▶ _The data_
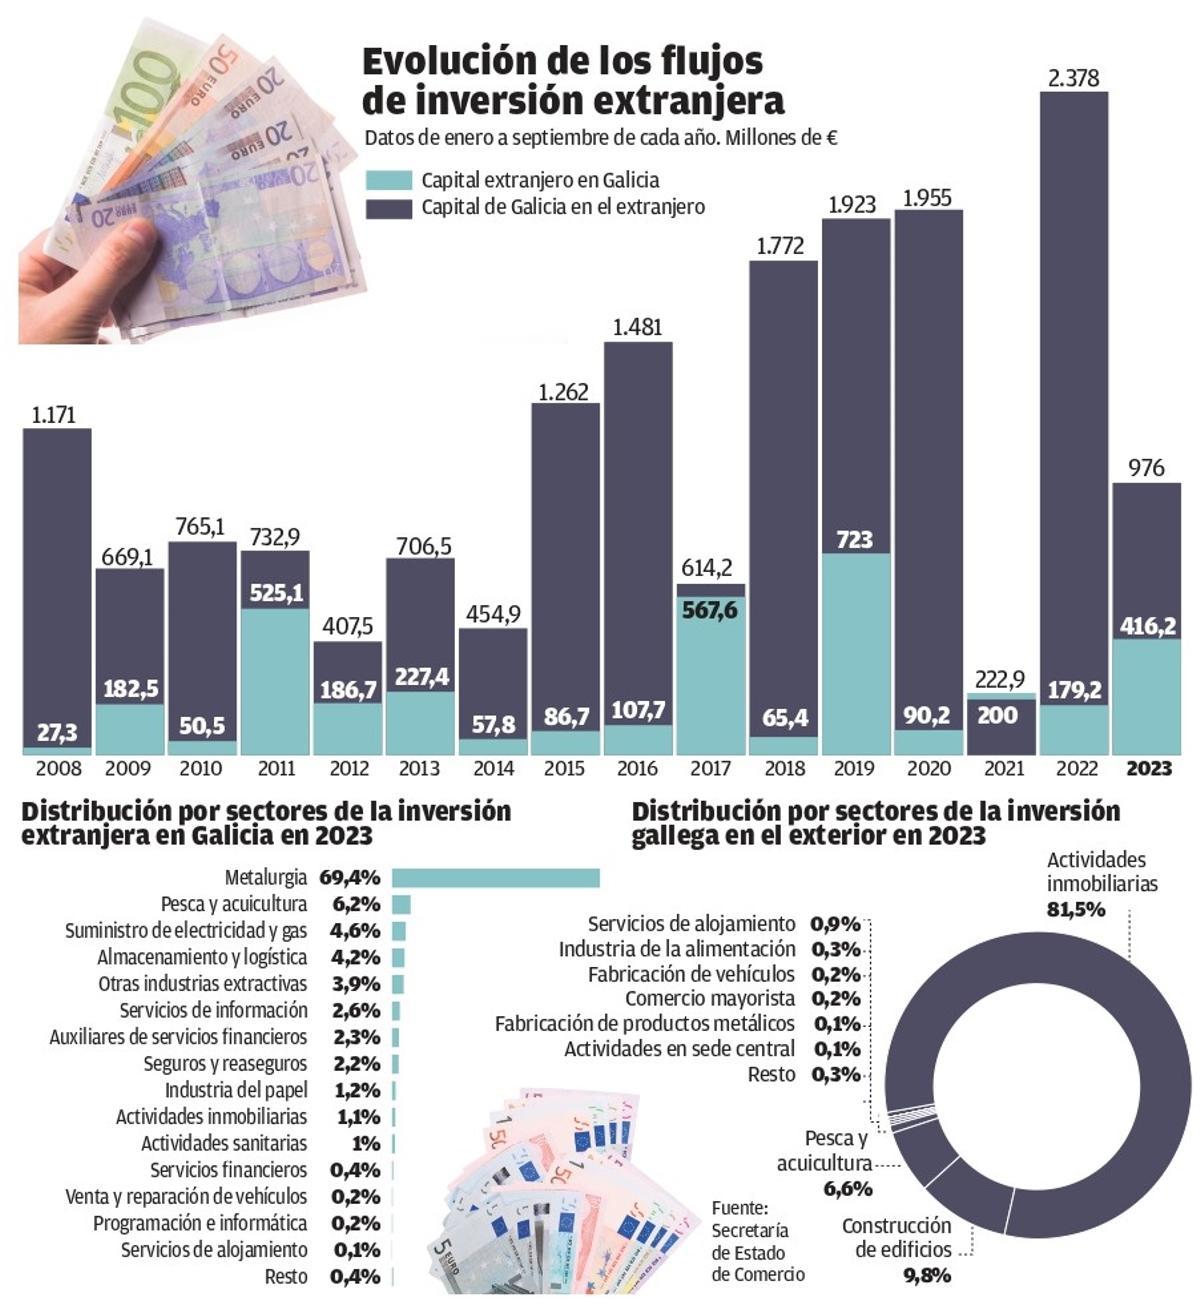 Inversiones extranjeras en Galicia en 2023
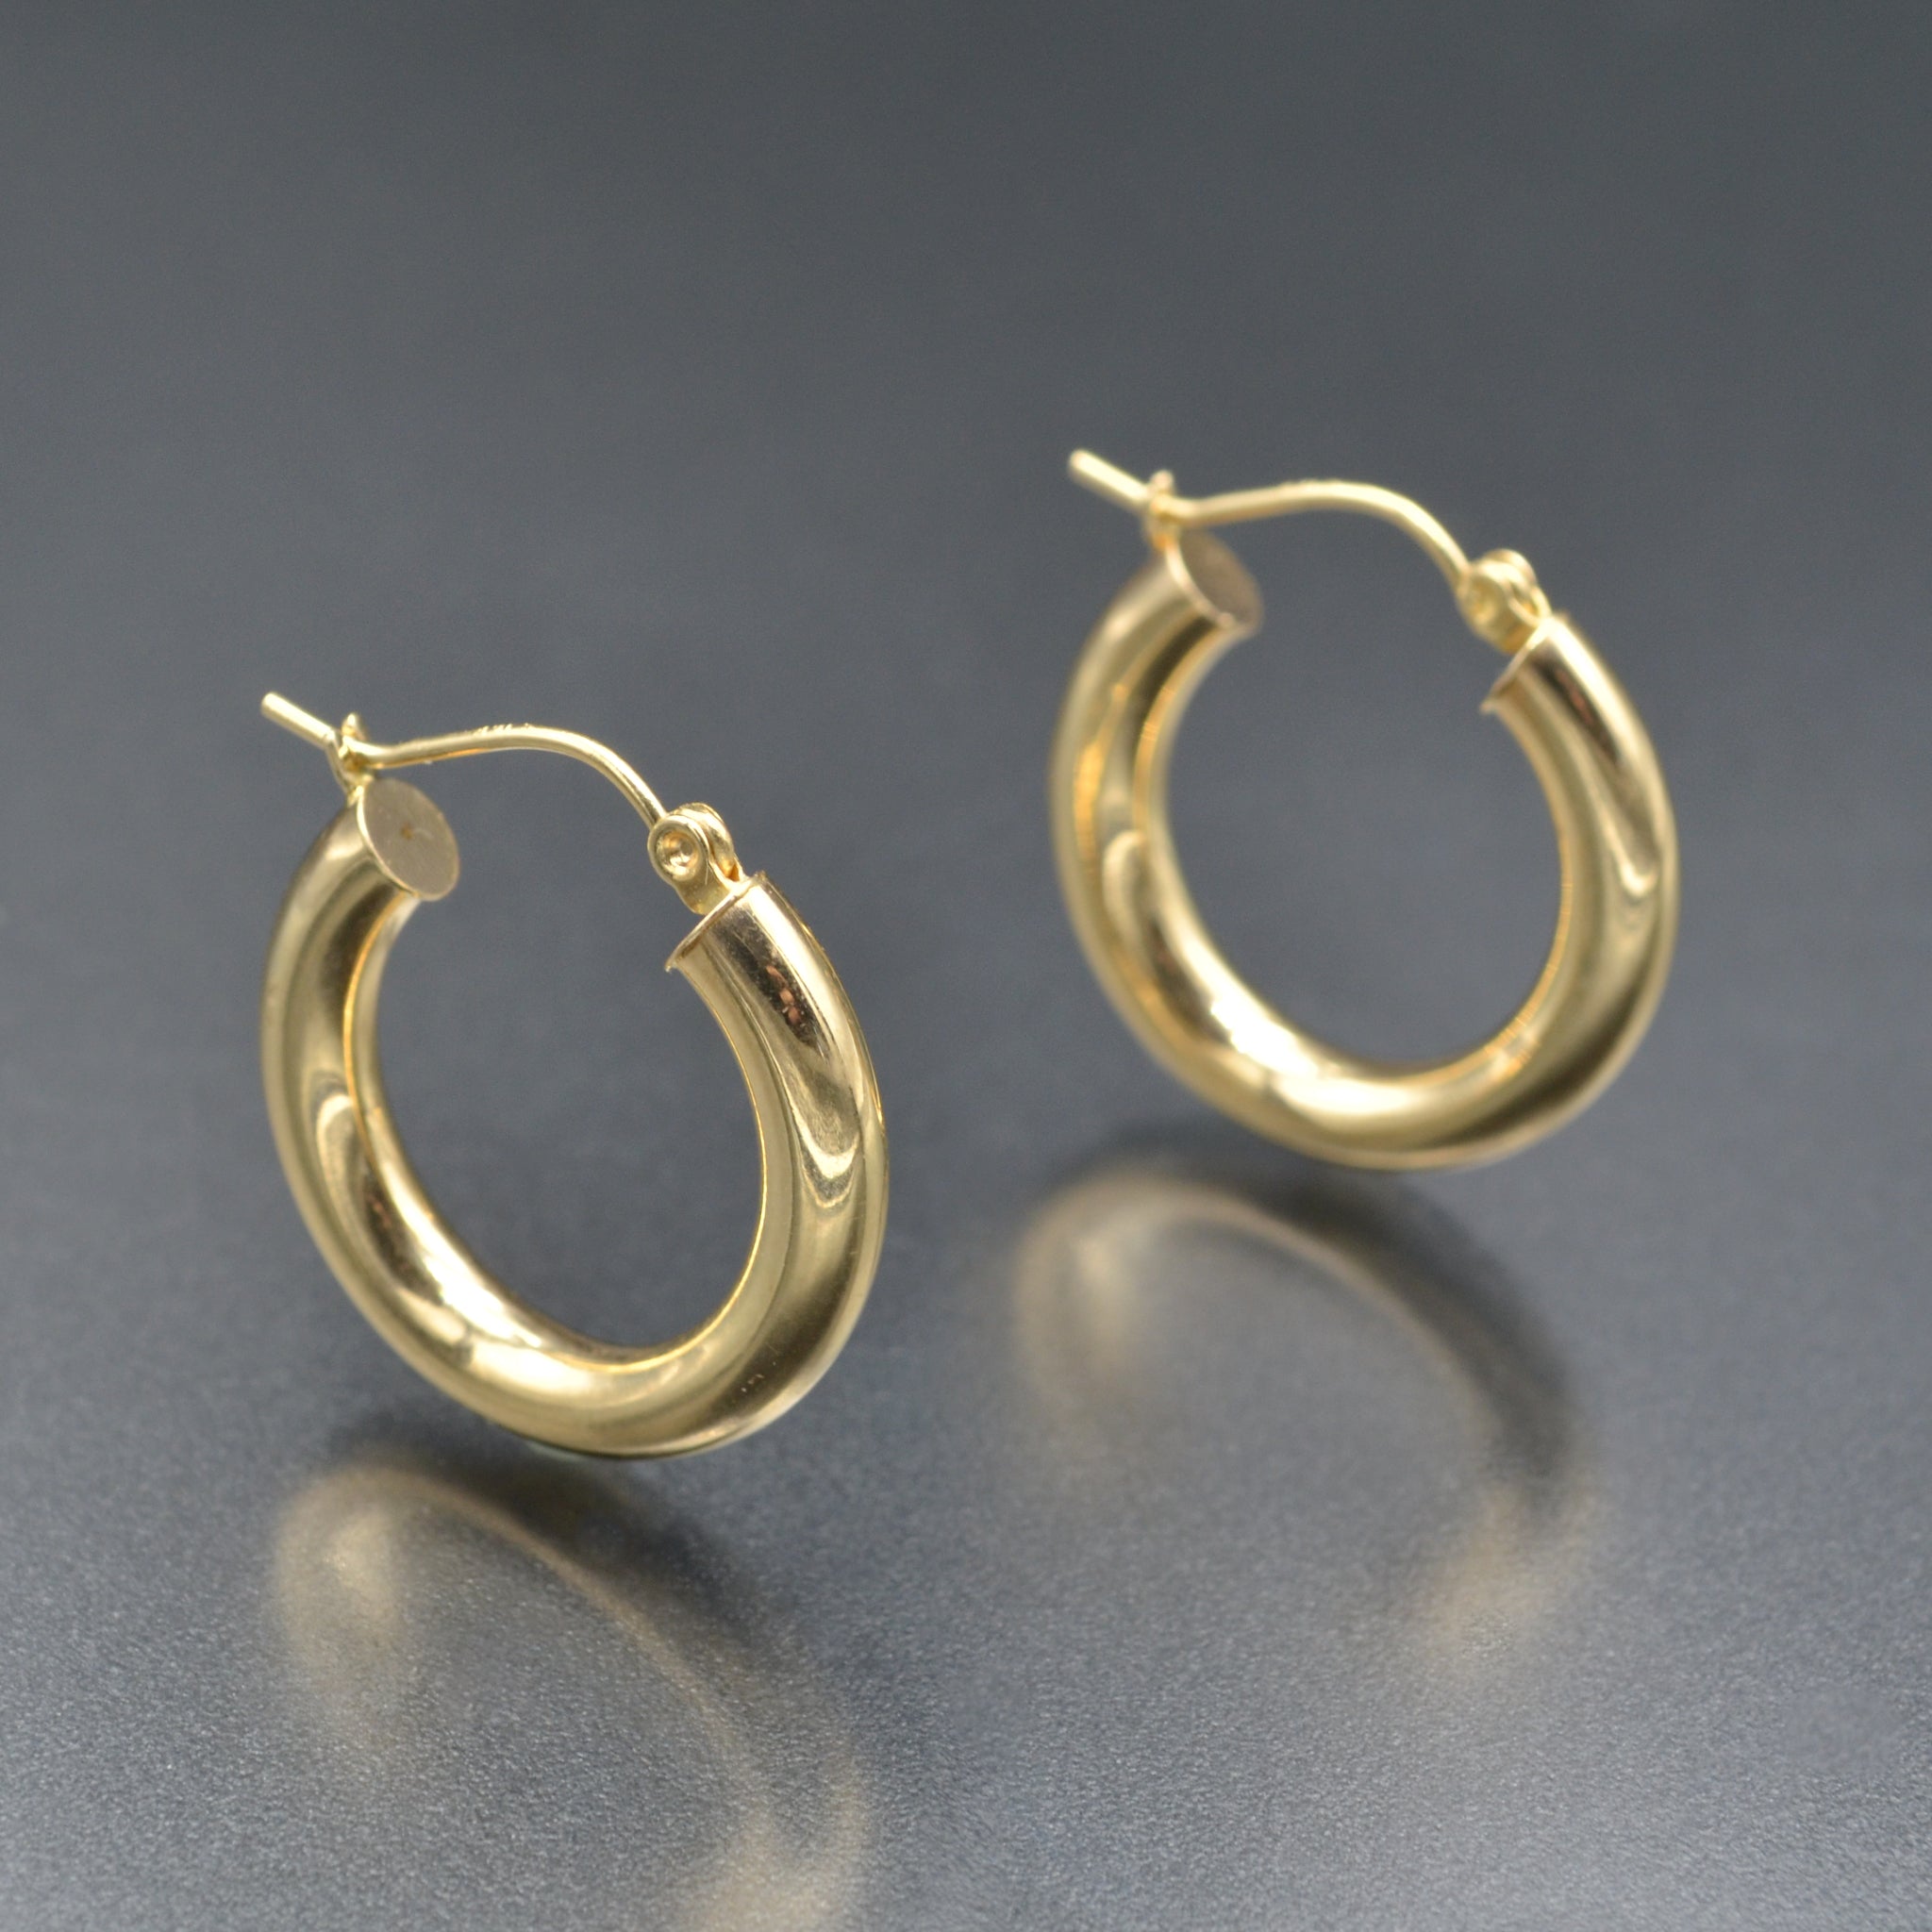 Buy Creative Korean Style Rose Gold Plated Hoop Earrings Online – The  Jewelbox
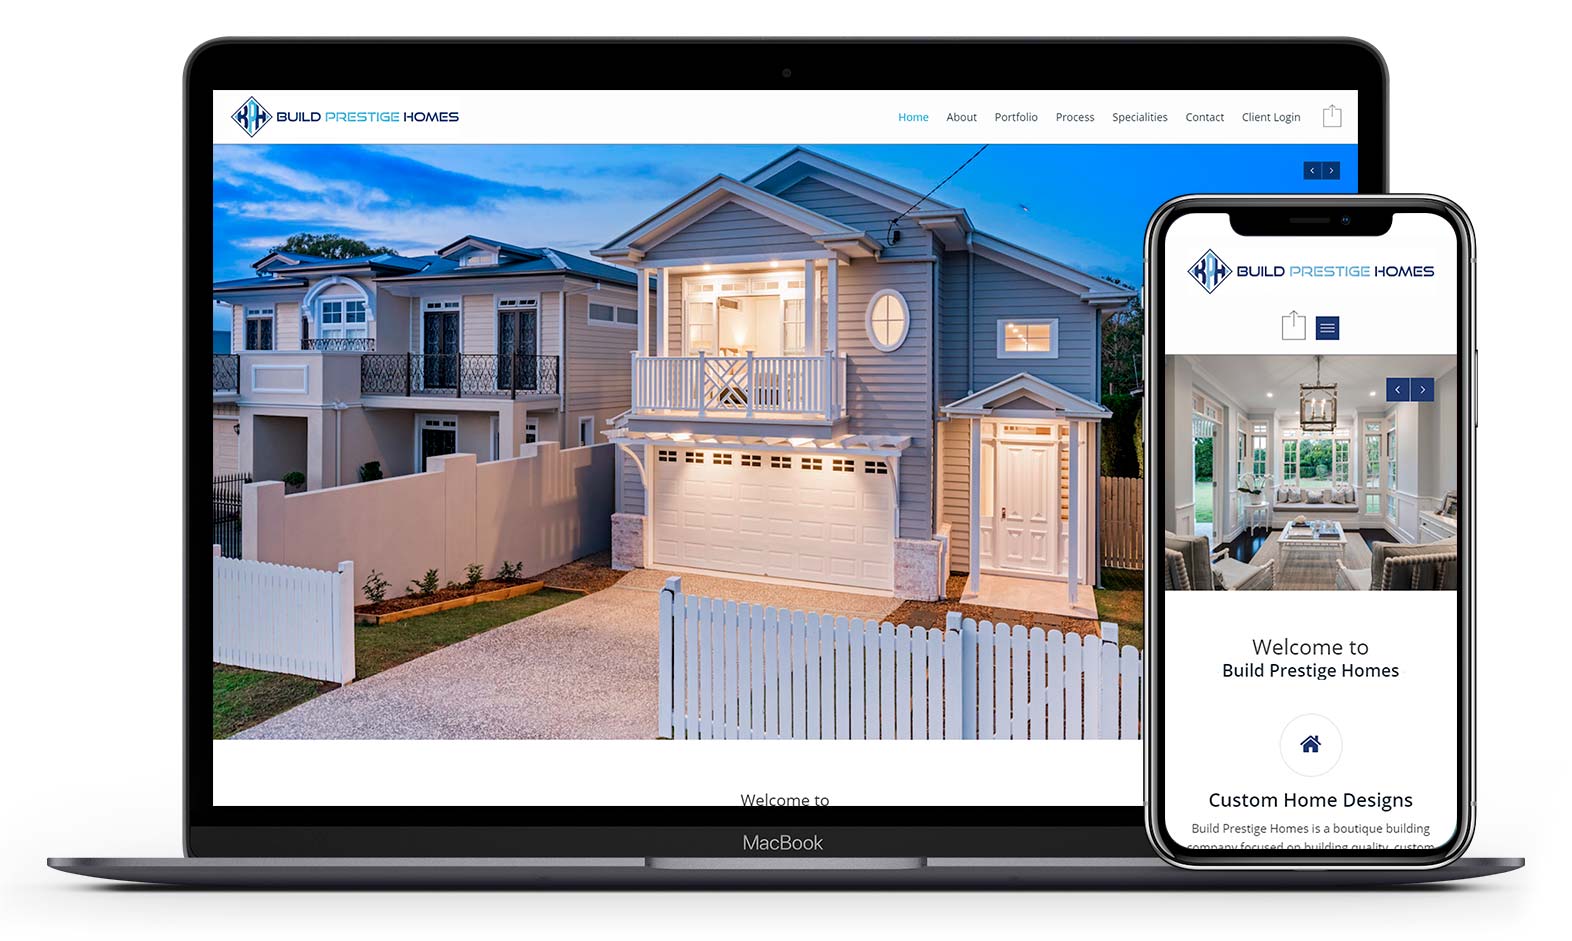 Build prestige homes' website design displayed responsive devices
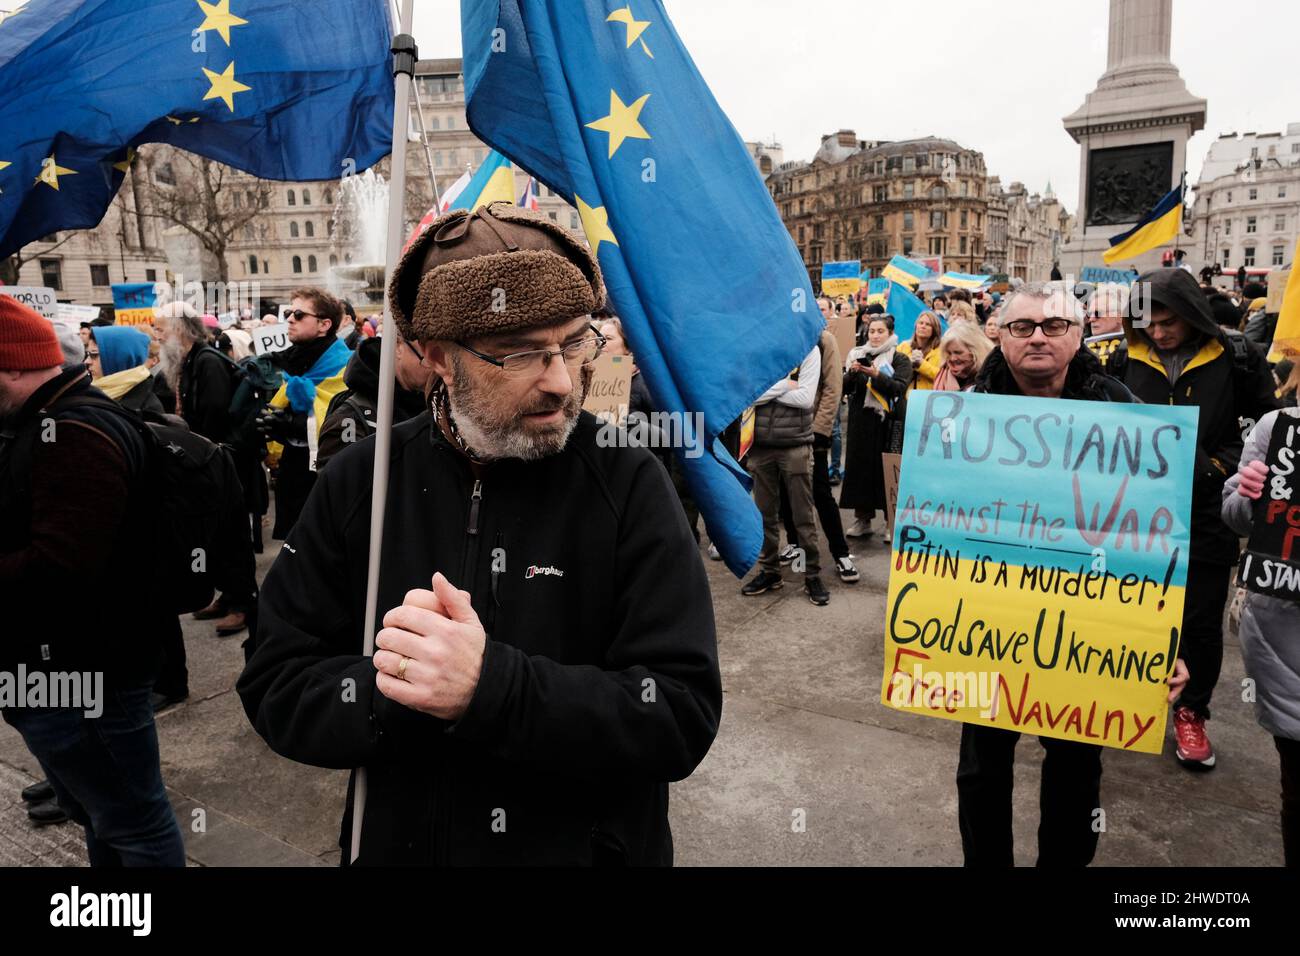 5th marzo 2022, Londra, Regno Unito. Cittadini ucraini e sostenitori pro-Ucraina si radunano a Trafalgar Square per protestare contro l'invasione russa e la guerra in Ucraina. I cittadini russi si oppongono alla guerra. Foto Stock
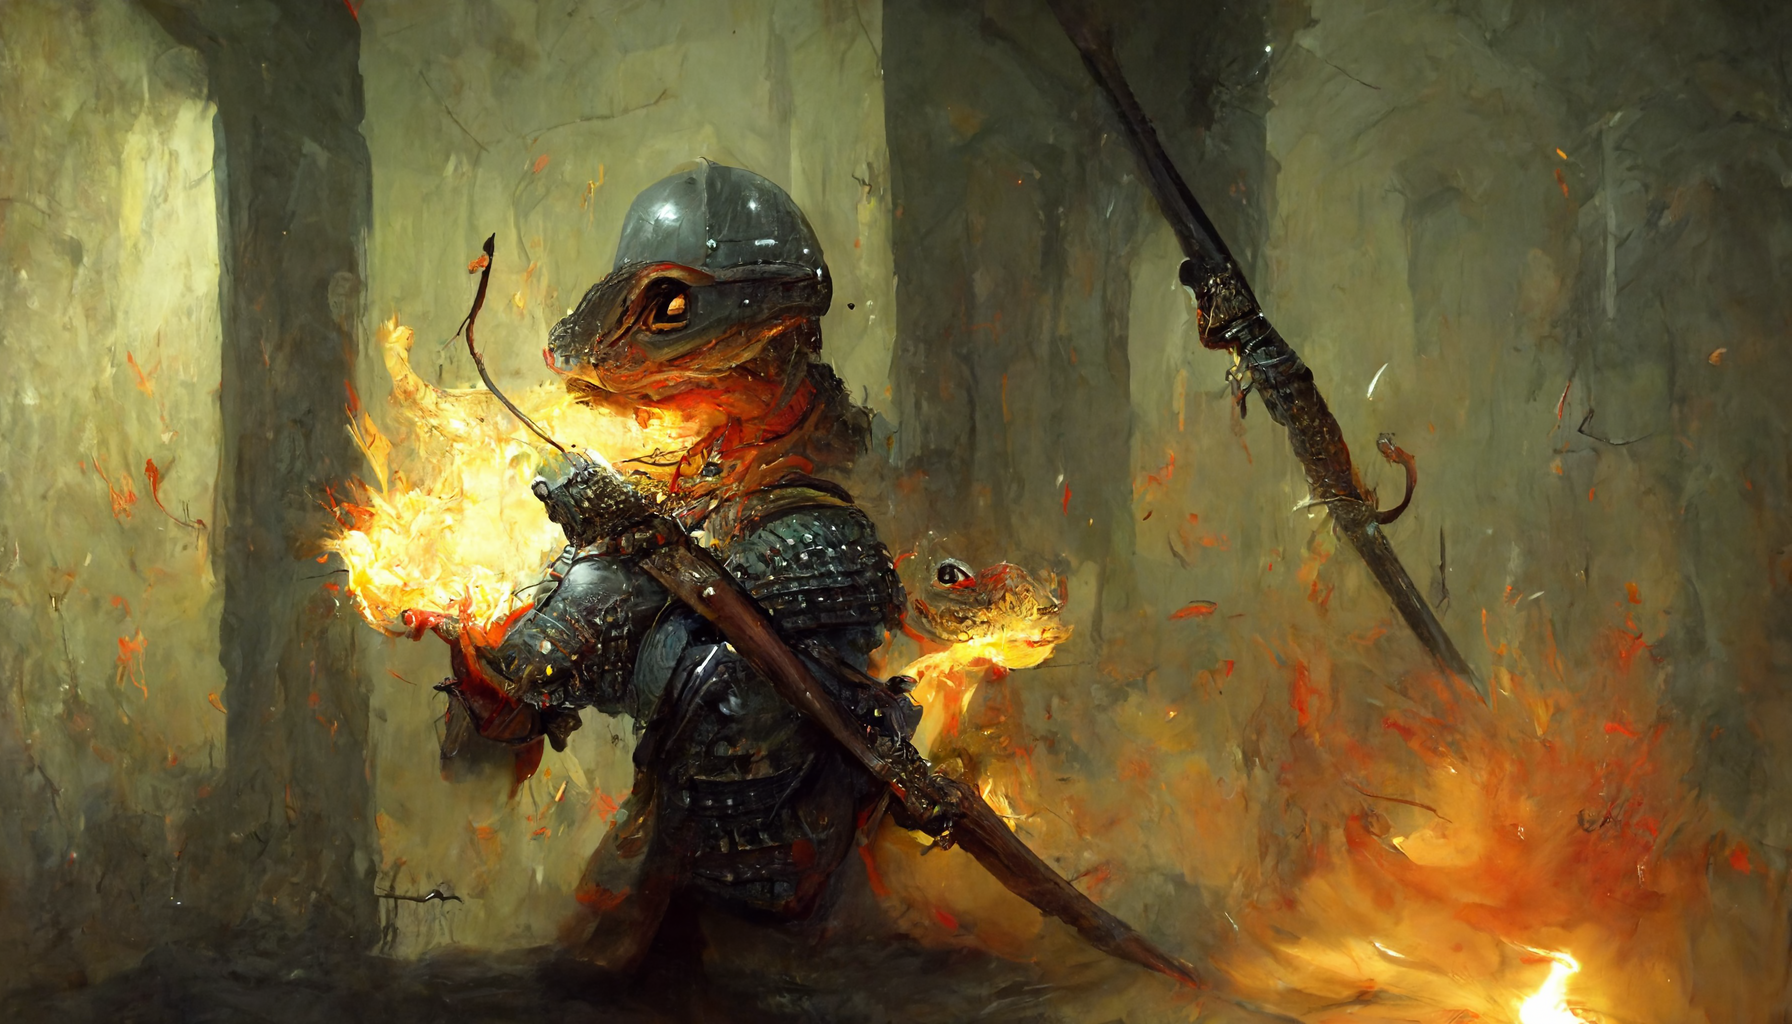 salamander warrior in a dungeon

▶ _Exercise brief_
Each line from the top of the records through the one containing "Build prestige homes'" needs to be transcribed exactly, without pictures.

▶ _Written response_
 Inversiones extranjeras en Galicia en 2023
 Buy Creative Korean Style Rose Gold Plated Hoop Earrings Online – The  Jewelbox
 Build prestige homes' website design displayed responsive devices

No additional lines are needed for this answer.